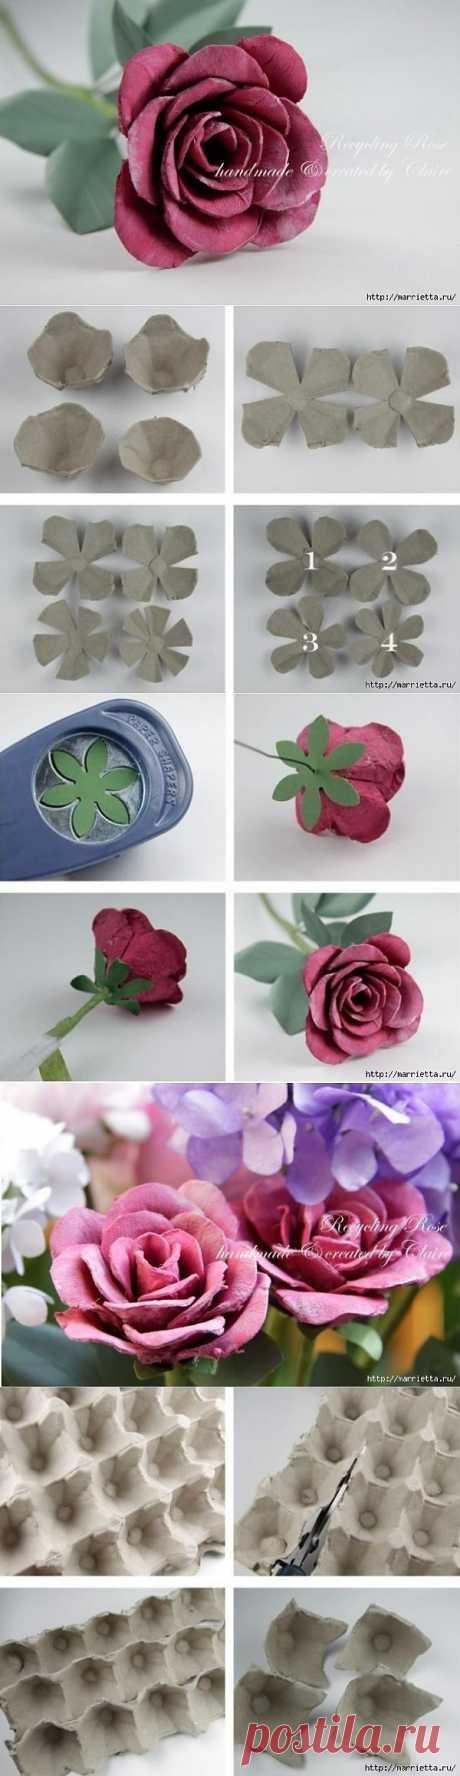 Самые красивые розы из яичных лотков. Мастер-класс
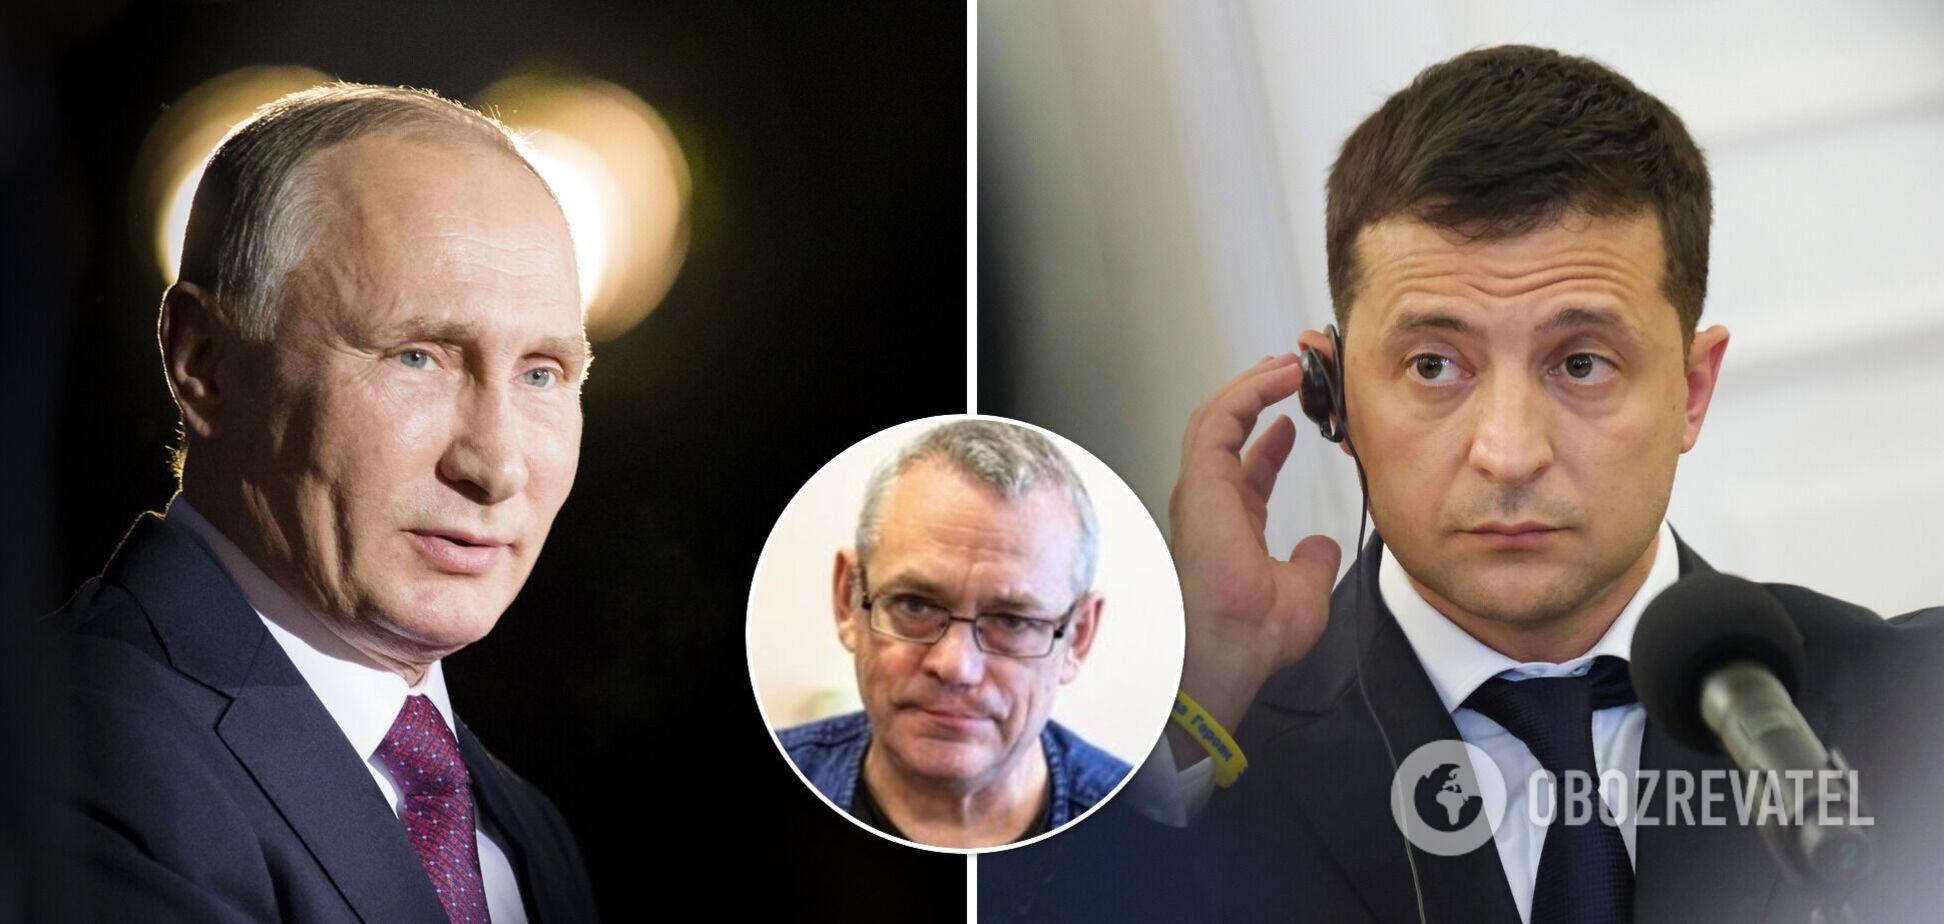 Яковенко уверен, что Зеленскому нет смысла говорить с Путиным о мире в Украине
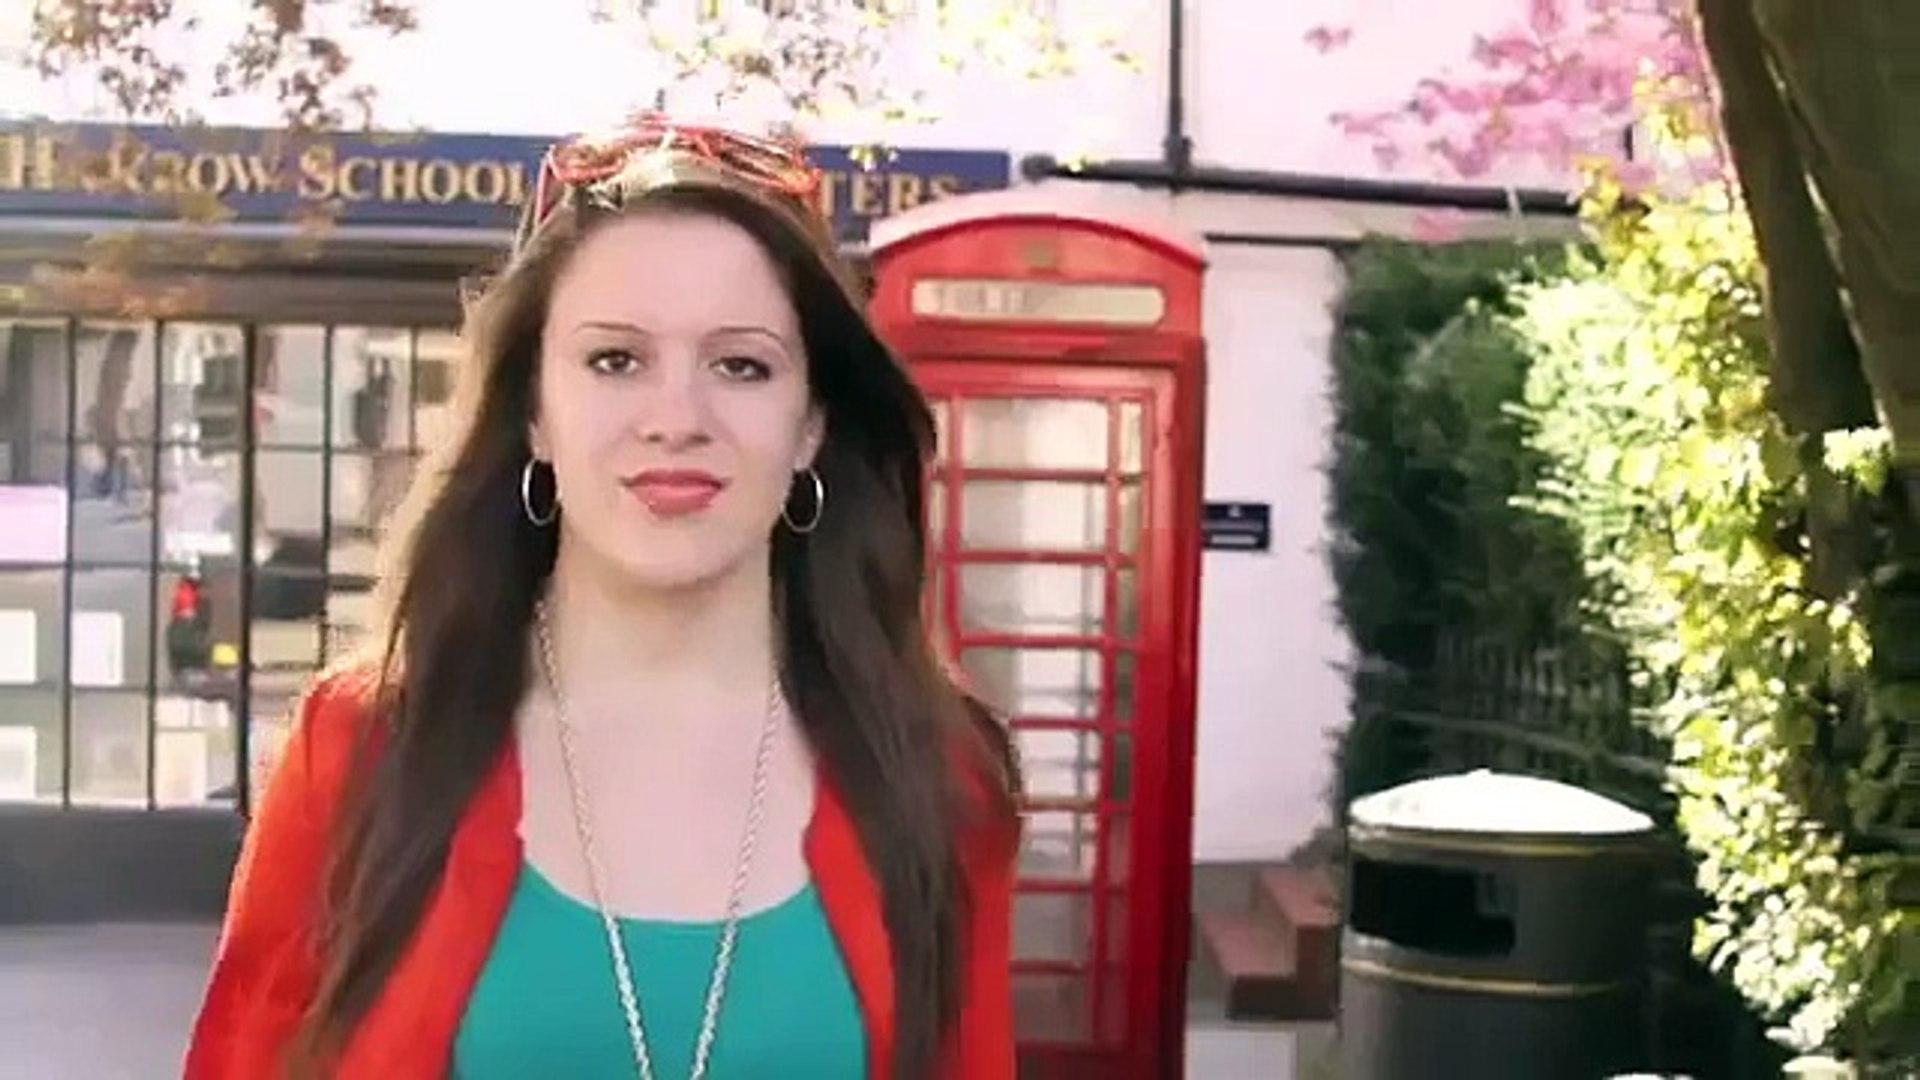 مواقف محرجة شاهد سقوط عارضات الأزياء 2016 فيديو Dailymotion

◇ ◇ ◇ ◇

## Prompt
The pictures are to be omitted, and the rest of the listing is to be transcribed exactly.

## Reply
 Самые красивые розы из яичных лотков. Мастер-класс
 Яковенко уверен, что Зеленскому нет смысла говорить с Путиным о мире в Украине
 مواقف محرجة شاهد سقوط عارضات الأزياء 2016 فيديو Dailymotion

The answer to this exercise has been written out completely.